» Exercise
Exactly as written, output each of the lines below, with no images.

» Collected material
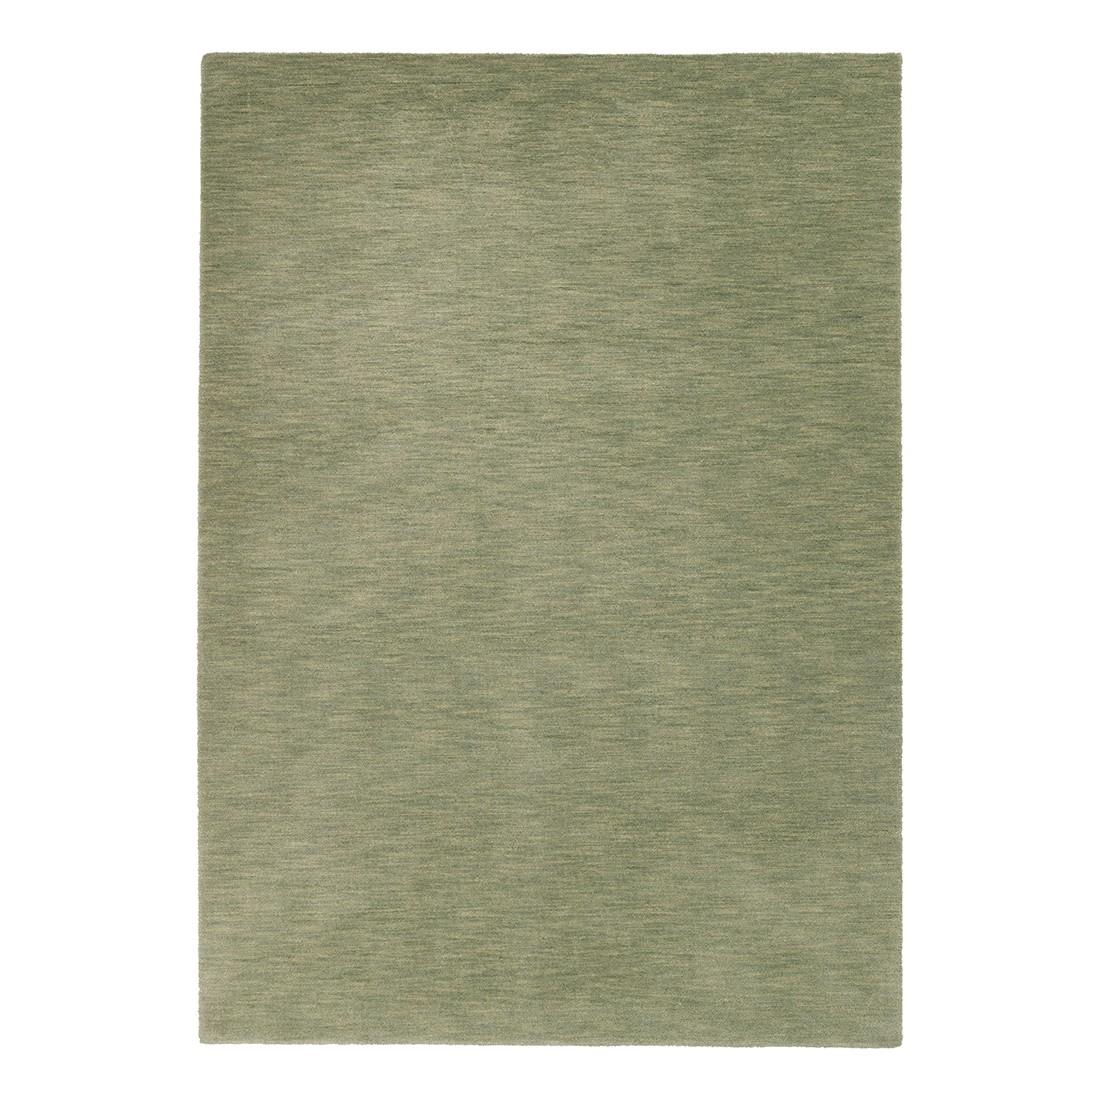 Teppich Shivaz – Hellgrün – 70 x 140 cm, Schöner Wohnen Kollektion günstig
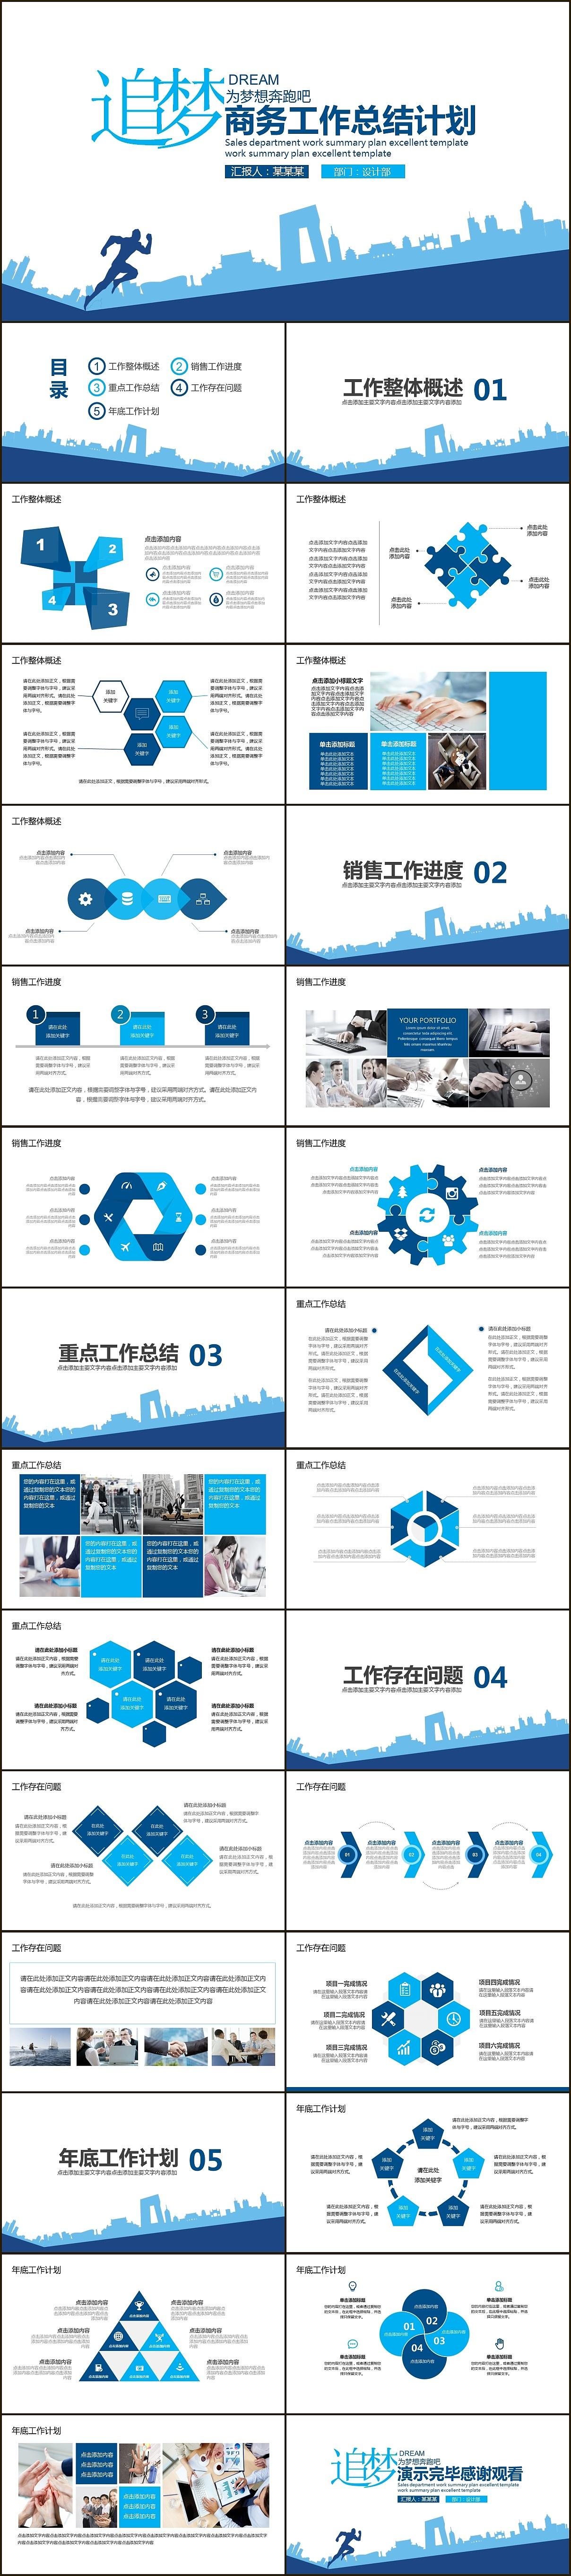 蓝色追梦为梦想而奋斗商务部门工作总结汇报ppt模板图片
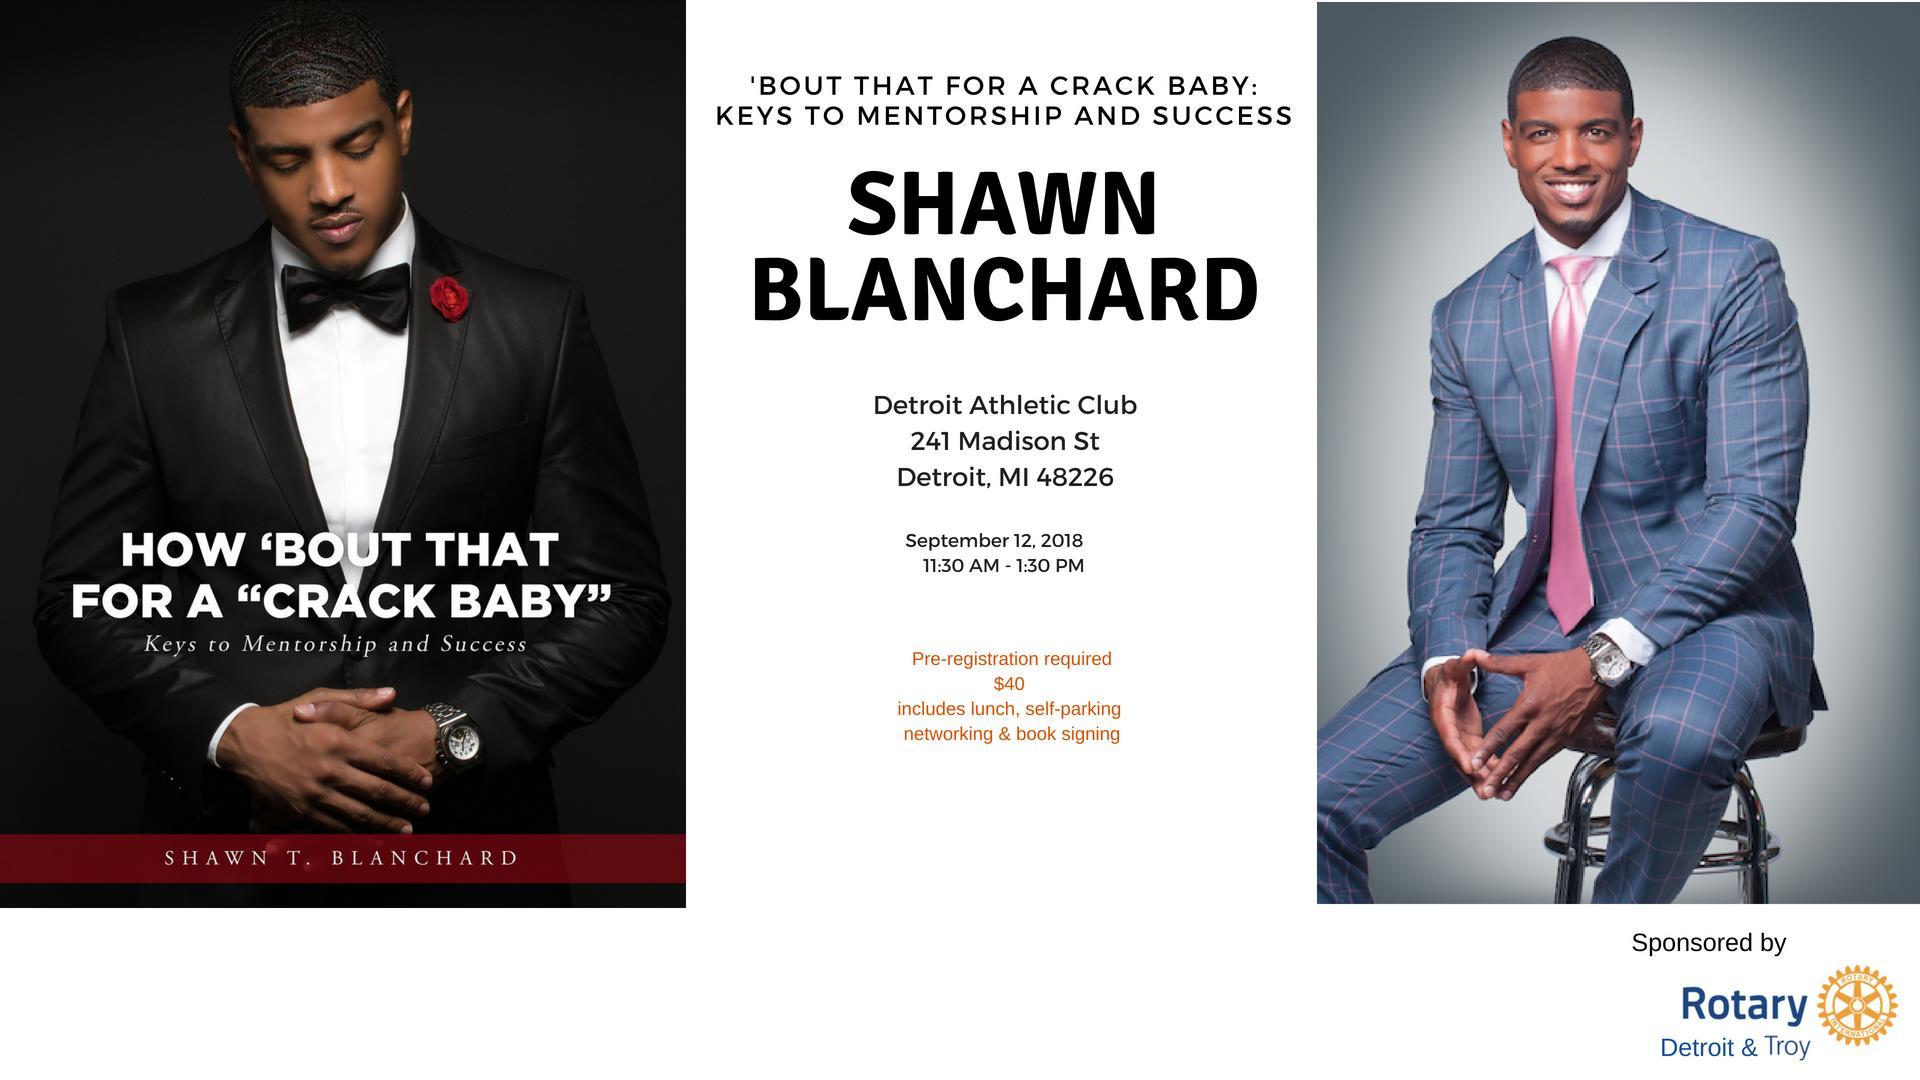 Shawn Blanchaard
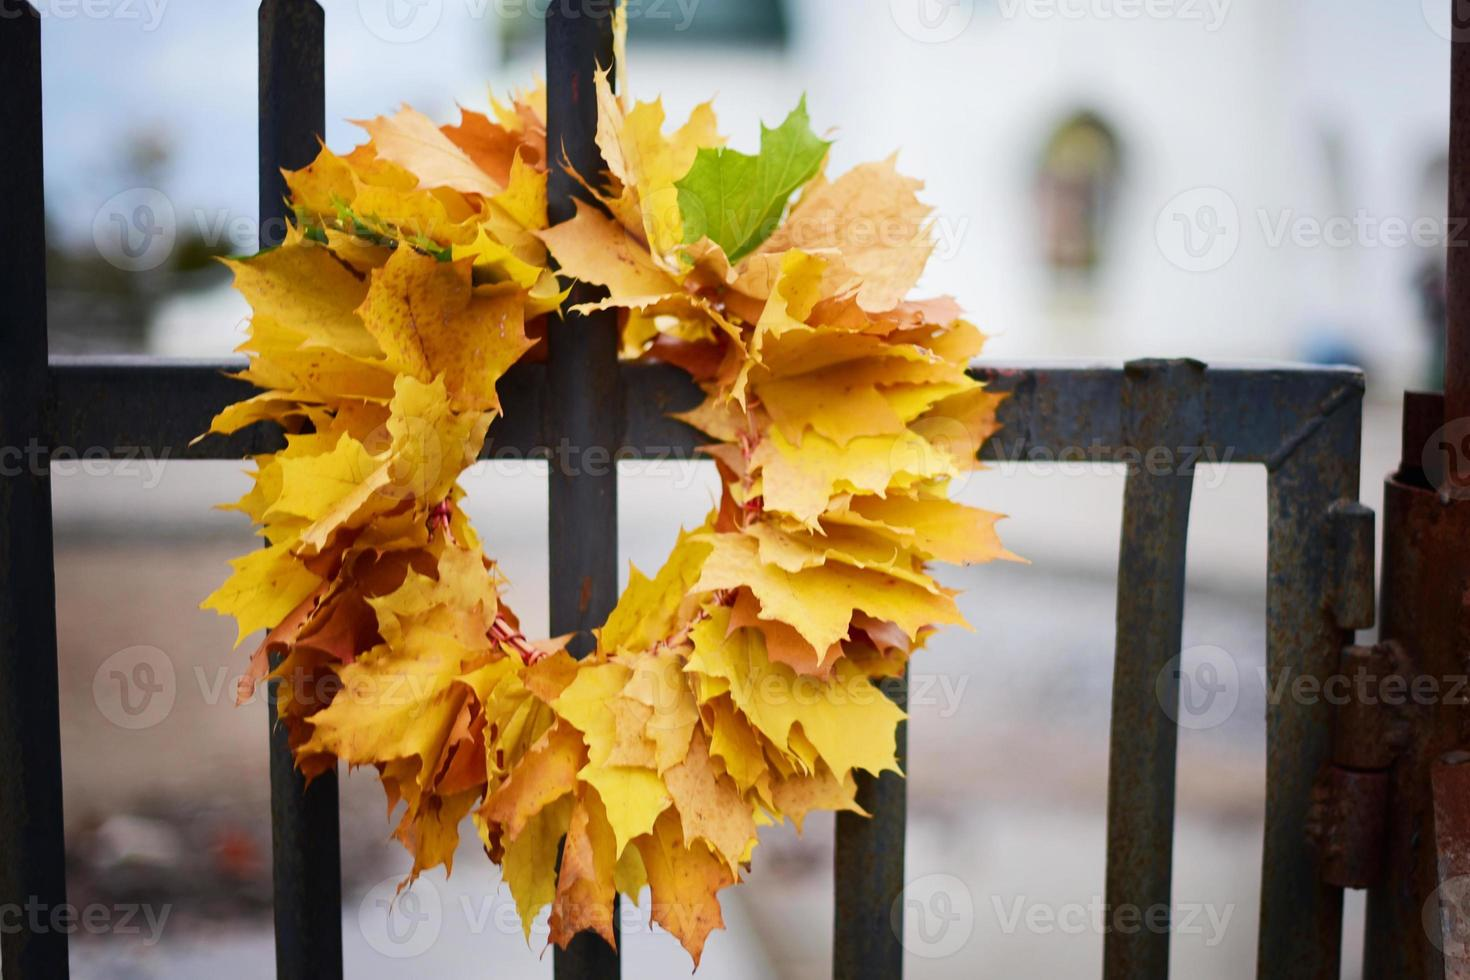 ghirlanda di foglie d'autunno foto

» Output of the task
 Teppich Shivaz – Hellgrün – 70 x 140 cm, Schöner Wohnen Kollektion günstig
 蓝色追梦为梦想而奋斗商务部门工作总结汇报ppt模板图片
 Shawn Blanchaard
 ghirlanda di foglie d'autunno foto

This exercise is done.